3. Implementation and Measurement Results

Figure 11 shows a photo of the fabricated filter, along with its frequency response for both measurements and the simulation results. The measurement shows that the cut-off frequency is 1.26 GHz. As seen in this figure, the proposed LPF has a passband insertion loss (IL) of less than 0.3 dB and a return loss (RL) higher than 12 dB.

The roll-off rate (ζ) parameter, which shows the sharpness of S₂₁ in the transition band, is defined in (8) as follows:

$$\mathsf{\zeta }=\frac{{\mathsf{\alpha }}_{\max }-{\mathsf{\alpha }}_{\min }}{{\mathrm{f}}_{\mathrm{s}}-{\mathrm{f}}_{\mathrm{c}}} (\mathrm{dB}/\mathrm{GHz}),$$

(15)

where α_max and α_min are 40 dB and 3 dB attenuation points, while f_s and f_c are the corresponding frequencies of these points. In the proposed LPF, the transition band is from 1.26 GHz to 1.62 GHz with attenuation levels of 3 dB and 40 dB, respectively. As a result, the roll-off rate (ζ) parameter of the fabricated filter is 103.9 dB/GHz.

Another important parameter is relative stopband bandwidth (RSB), which is defined in Equation (16) as follows:

$$\mathrm{RSB}=\frac{\mathrm{stopband} \mathrm{bandwidth}}{\mathrm{stopband} \mathrm{center} \mathrm{frequency}}$$

(16)

In the proposed LPF, the stopband ranges from 1.48 to 20 GHz with the attenuation level of 24 dB. Therefore, the stopband bandwidth is 18.52 GHz and the center frequency of the stopband is 10.74 GHz. As a result, the RSB is equal to 1.72.

The suppression factor (SF) parameter is defined in Equation (17) as follows:

$$\mathrm{SF}=\frac{\mathrm{Rejection} \mathrm{level} \mathrm{in} \mathrm{stopband} }{10}$$

(17)

As mentioned in the proposed LPF, the stopband ranges from 1.48 to 20 GHz with the attenuation level of 24 dB. Therefore, the SF is 2.4.

The cut-off frequency of the LPF (fc) and its occupied size are inversely proportional. The filter with the higher cut-off frequency has a smaller size and vice versa. Therefore, the normalized circuit size (NCS) parameter is defined in Equation (18) to have a fair comparison. The relative device size is 0.126 λ_g × 0.055 λ_g.

$$\mathrm{NCS}=\frac{\mathrm{physical} \mathrm{size} \left(\mathrm{length}\times \mathrm{width}\right)}{{\mathsf{\lambda }}_{\mathrm{g}}{}^2},$$

(18)

where λ_g is the guided wavelength. The figure of merit (FOM) parameter has been widely used in the literature and shown in Equation (19) as follows:

$$\mathrm{FOM}=\frac{\mathsf{\zeta } \times \mathrm{RSB} \times \mathrm{SF} }{\mathrm{NCS} }$$

(19)

The calculated figure of merit (FOM) parameter of the proposed filter is 62,520, which is considerably high for this class of filter compared with other published works.
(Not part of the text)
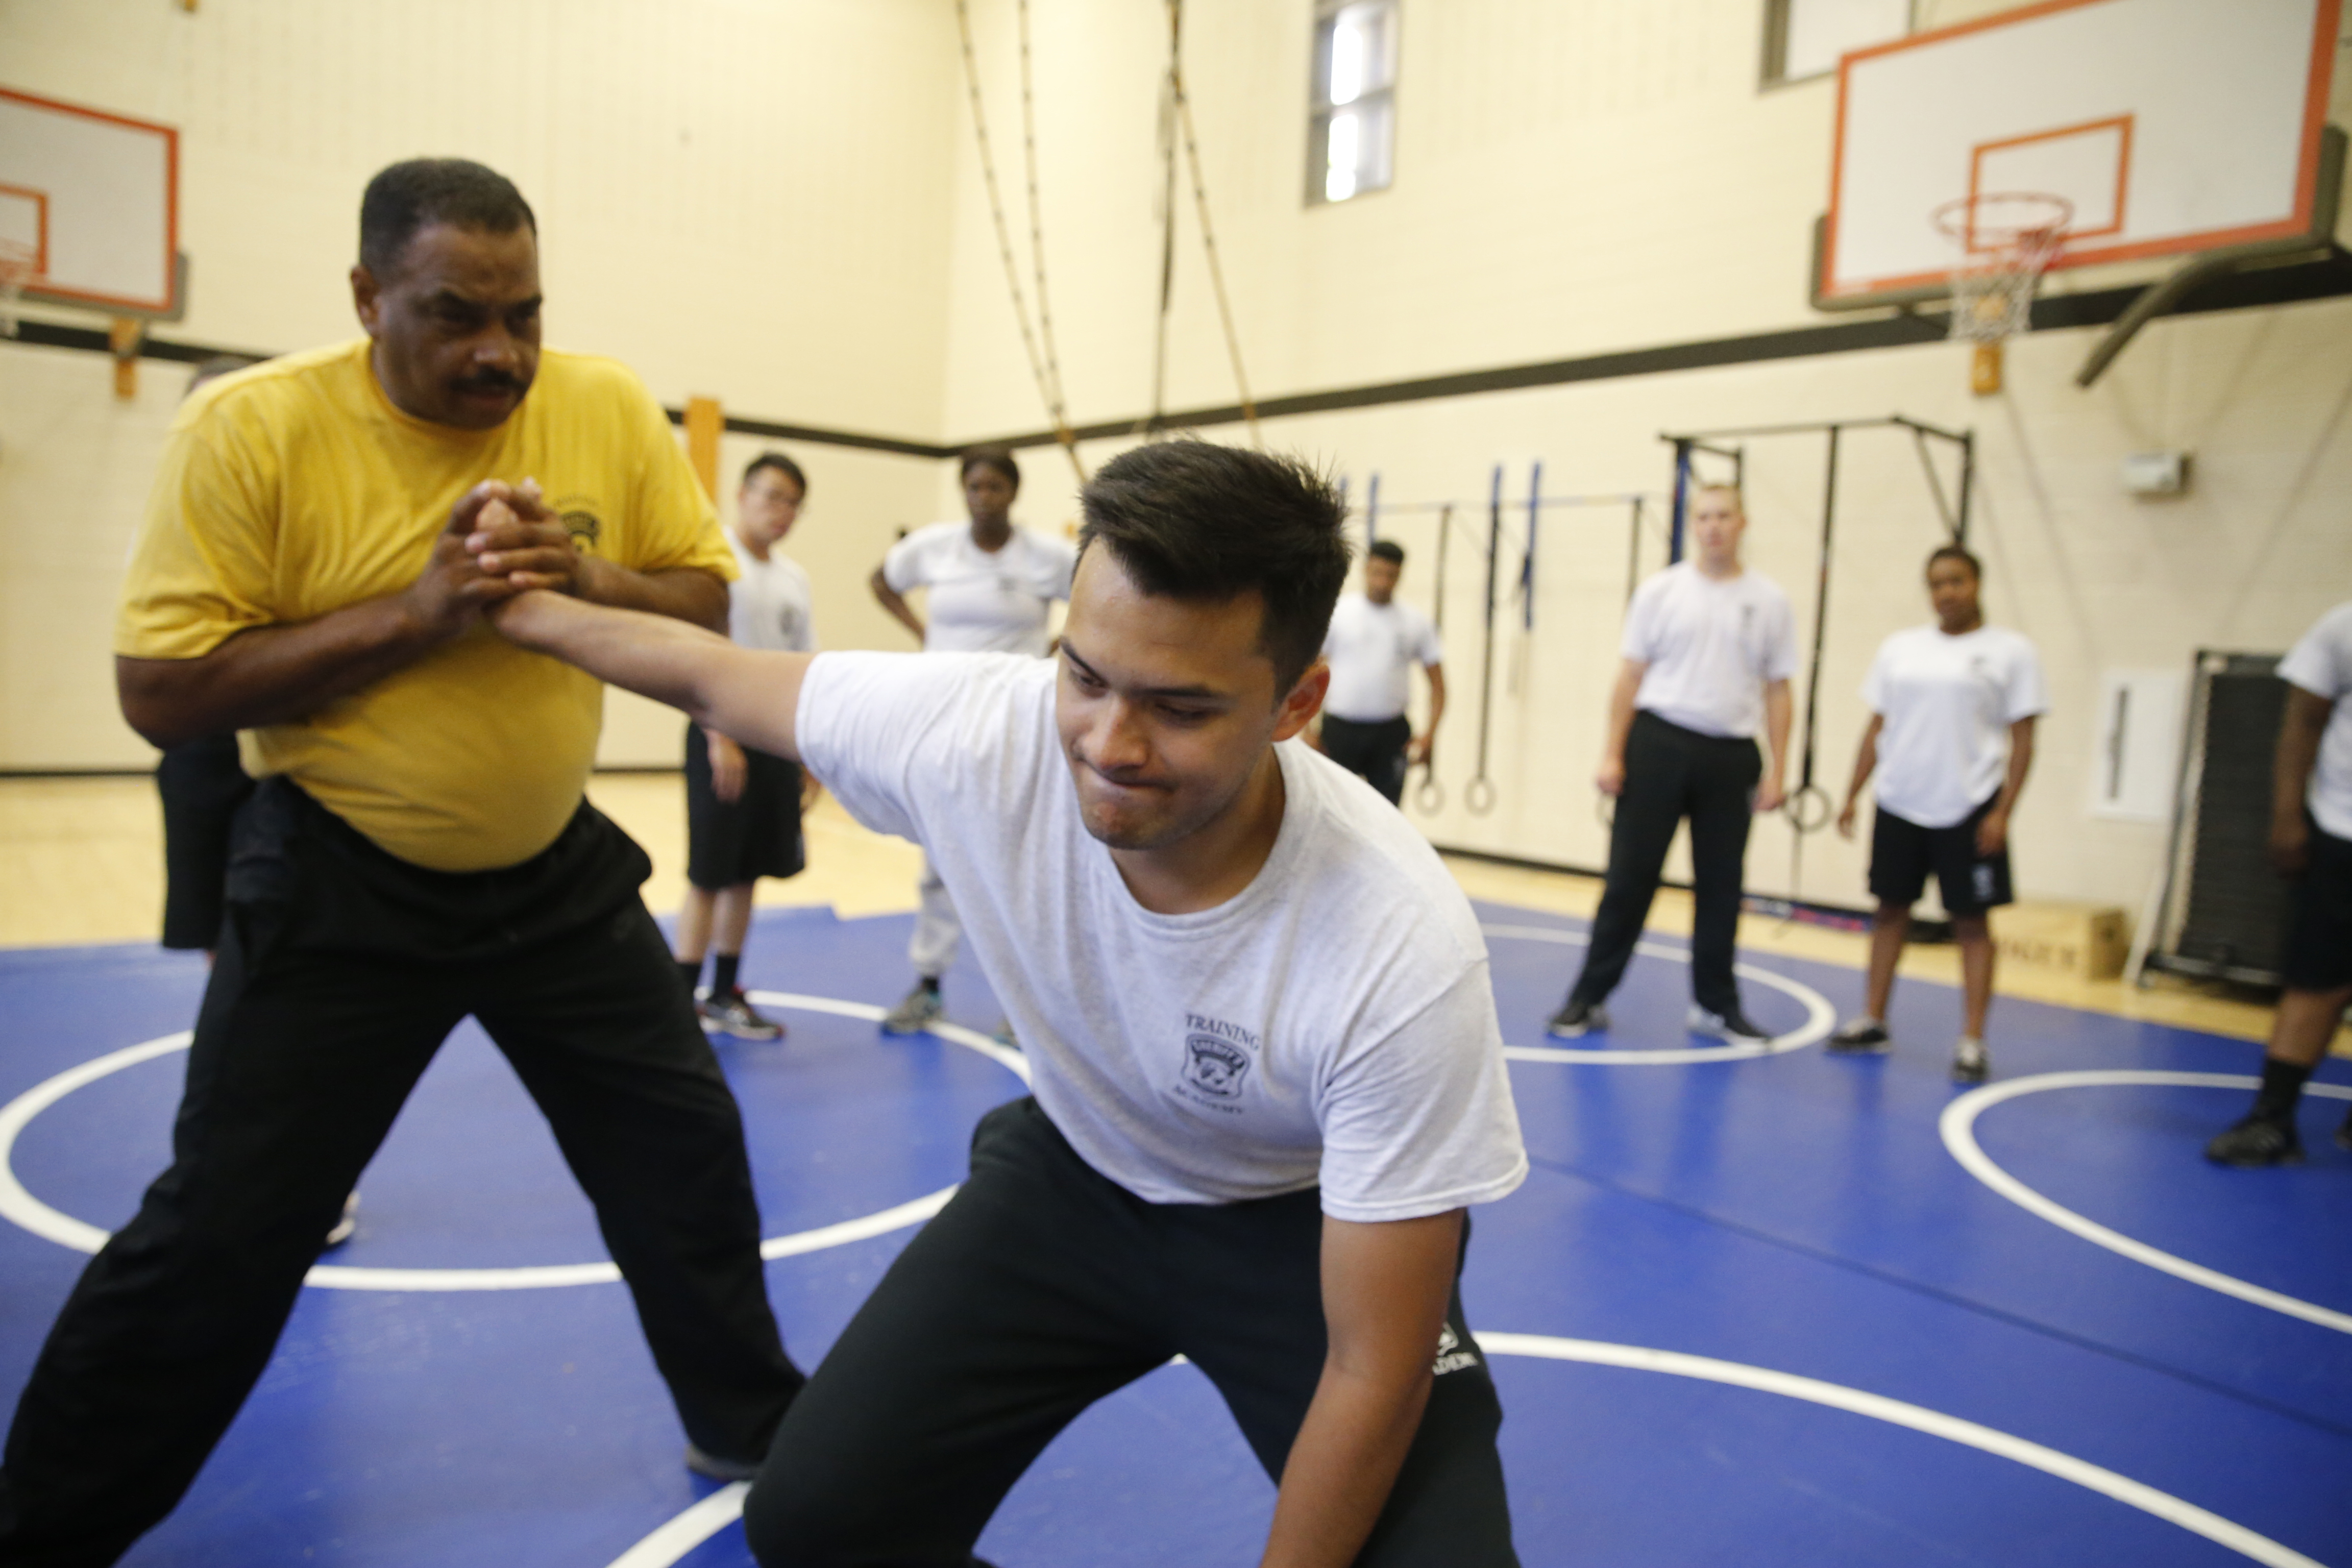 Academy recruit, Agustin Hussain, right, is subdued by Sergeant David Turner, left, during a course on the the finer points of hand-to-hand defensive techniques on July 13.

The proposed filter is compared with other published filters in

Table 2. Comparison between the proposed filter and some published filters.

Ref	fc (GHz)	ζ (dB/GHz)	NCS (λg2)	RSB	SF	RL	IL	FOM	Substrate
[16]	1.89	139	0.0177	1.69	2.5	10.3	1.8	33,179	Rogers
[18]	2.35	135	0.032	1.64	2.2	10.6	0.6	18,562	RT/Duroid
[46]	2.4	92.5	0.037	1.35	3	10	0.25	10,125	RT/Duroid
[47]	1.96	104	0.0228	1.8	2	12	0.6	18,063	Rogers
[48]	1.47	85.6	0.0076	1.68	2.2	12	0.4	41,628	RT/Duroid
[49]	2.44	67.27	0.038	1.39	2.2	14.8	0.6	5414	FR4
[50]	3.01	58.6	0.0242	1.43	2.5	20	0.3	865.5	RT/Duroid
[51]	5.55	84	0.0857	0.66	1.5	20	0.7	116.5	FR4
[52]	2.11	100	0.032	1.6	1.8	12	0.7	9000	FR4
[53]	1.07	75	0.0088	1.66	2	20	0.4	2804	DiClad
[54]	1	77	0.0117	1.74	2.4	20	0.3	27,192	Rogers
[55]	2.49	37.5	0.0378	1.62	1.5	7.6	0.8	2410	Rogers
[56]	1.66	171	0.0176	1.75	2	12	0.5	34,000	Rogers
This Work	1.26	103.9	0.00693	1.73	2.4	12	0.3	62,520	RT/Duroid

.

Table 2 shows that the proposed LPF has the smallest NCS and the highest FOM parameters compared with other related works.

4. Conclusions

A new microstrip lowpass filter with a small occupied size (0.126 λ_g × 0.055 λ_g) and ultra-wide stopband (1.48 to 20 GHz) is proposed. The proposed filter has an attenuation level higher than 24 dB in stopband and a very sharp response in the transition band with a sharp roll-off rate higher than 103 dB/GHz. With these specifications, the implemented device can be used in modern wireless systems.